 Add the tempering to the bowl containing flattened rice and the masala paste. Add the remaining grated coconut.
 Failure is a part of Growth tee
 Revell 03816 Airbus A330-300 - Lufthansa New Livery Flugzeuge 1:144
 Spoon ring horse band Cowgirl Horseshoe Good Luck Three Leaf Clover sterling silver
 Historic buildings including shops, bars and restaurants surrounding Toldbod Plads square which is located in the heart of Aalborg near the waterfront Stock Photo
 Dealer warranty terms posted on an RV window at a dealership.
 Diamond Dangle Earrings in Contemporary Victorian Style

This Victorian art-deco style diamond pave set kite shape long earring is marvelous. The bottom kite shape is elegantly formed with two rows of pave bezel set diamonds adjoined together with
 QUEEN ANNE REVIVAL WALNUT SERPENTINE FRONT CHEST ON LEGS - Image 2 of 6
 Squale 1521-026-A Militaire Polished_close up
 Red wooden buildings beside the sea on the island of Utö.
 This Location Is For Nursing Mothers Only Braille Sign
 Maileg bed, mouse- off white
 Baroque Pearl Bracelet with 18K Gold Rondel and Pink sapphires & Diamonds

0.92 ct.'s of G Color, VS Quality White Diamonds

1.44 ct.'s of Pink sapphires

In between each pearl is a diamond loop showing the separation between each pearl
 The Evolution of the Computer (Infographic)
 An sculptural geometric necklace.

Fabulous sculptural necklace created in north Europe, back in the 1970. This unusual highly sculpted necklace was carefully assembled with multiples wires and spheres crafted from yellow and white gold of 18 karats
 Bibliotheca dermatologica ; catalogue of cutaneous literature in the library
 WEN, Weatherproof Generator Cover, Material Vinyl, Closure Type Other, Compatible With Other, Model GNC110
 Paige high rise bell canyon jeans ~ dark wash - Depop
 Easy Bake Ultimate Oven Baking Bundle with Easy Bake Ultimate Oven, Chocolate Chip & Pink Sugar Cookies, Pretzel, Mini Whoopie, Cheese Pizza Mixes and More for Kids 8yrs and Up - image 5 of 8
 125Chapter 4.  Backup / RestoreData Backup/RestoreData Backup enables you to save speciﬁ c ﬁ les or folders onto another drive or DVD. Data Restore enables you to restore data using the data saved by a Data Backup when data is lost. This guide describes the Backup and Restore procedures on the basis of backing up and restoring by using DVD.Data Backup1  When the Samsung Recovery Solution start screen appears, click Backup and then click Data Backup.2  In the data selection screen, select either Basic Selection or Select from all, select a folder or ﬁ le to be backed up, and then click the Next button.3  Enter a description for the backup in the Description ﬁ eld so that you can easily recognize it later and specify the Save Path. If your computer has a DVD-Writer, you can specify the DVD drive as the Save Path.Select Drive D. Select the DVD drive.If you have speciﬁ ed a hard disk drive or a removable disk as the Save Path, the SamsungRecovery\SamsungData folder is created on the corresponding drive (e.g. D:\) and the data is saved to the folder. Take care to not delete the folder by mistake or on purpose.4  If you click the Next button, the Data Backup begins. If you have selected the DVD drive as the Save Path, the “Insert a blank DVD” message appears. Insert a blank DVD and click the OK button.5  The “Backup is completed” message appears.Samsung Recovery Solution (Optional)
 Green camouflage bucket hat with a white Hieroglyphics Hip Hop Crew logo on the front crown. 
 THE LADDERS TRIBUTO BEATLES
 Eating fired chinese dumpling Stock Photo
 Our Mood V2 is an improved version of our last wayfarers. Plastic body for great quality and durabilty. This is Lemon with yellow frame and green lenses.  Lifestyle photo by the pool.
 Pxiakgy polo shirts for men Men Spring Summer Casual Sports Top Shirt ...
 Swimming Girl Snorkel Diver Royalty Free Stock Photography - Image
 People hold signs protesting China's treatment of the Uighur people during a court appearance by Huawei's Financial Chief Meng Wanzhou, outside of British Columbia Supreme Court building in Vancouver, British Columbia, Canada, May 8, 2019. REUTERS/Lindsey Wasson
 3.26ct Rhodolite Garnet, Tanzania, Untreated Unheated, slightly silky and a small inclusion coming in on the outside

★ ★ ★

TRY IT → Considering only the material above, set down every line from the one with "Swimming Girl Snorkel" to the one with "People hold signs", inclusive, exactly as written.

PROBLEM SOLUTION →
 Swimming Girl Snorkel Diver Royalty Free Stock Photography - Image
 People hold signs protesting China's treatment of the Uighur people during a court appearance by Huawei's Financial Chief Meng Wanzhou, outside of British Columbia Supreme Court building in Vancouver, British Columbia, Canada, May 8, 2019. REUTERS/Lindsey Wasson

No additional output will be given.